(The data Opens)

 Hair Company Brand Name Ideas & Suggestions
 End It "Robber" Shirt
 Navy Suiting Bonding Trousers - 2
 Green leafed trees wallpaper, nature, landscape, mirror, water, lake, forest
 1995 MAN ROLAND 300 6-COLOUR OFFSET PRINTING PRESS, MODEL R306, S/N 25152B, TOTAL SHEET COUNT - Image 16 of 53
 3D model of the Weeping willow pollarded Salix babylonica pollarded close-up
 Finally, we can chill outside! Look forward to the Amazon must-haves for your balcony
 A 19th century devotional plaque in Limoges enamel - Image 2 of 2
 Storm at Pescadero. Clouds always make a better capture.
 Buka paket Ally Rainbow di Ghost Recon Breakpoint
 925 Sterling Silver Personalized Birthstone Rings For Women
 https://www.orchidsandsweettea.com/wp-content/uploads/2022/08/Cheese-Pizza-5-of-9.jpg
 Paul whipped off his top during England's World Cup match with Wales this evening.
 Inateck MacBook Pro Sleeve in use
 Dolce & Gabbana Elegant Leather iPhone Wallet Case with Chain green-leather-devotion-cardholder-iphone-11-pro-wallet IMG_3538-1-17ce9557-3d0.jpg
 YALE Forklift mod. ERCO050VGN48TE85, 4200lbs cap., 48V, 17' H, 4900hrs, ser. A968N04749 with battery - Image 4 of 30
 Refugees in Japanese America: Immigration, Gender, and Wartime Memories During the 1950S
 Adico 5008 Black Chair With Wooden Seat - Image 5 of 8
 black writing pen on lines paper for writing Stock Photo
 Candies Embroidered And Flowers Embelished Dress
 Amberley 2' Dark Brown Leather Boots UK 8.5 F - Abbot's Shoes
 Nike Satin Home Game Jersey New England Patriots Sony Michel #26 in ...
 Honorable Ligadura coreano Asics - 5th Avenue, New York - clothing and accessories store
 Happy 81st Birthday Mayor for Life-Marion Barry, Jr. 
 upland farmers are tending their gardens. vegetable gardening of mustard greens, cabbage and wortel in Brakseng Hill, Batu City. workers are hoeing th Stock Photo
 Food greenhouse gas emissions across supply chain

(The data Closes)

**Required work**
The reply should consist solely of the lines above from the one that has "Adico 5008 Black" through the one that has "Honorable Ligadura coreano", reproduced exactly.

**Solution to this exercise**
 Adico 5008 Black Chair With Wooden Seat - Image 5 of 8
 black writing pen on lines paper for writing Stock Photo
 Candies Embroidered And Flowers Embelished Dress
 Amberley 2' Dark Brown Leather Boots UK 8.5 F - Abbot's Shoes
 Nike Satin Home Game Jersey New England Patriots Sony Michel #26 in ...
 Honorable Ligadura coreano Asics - 5th Avenue, New York - clothing and accessories store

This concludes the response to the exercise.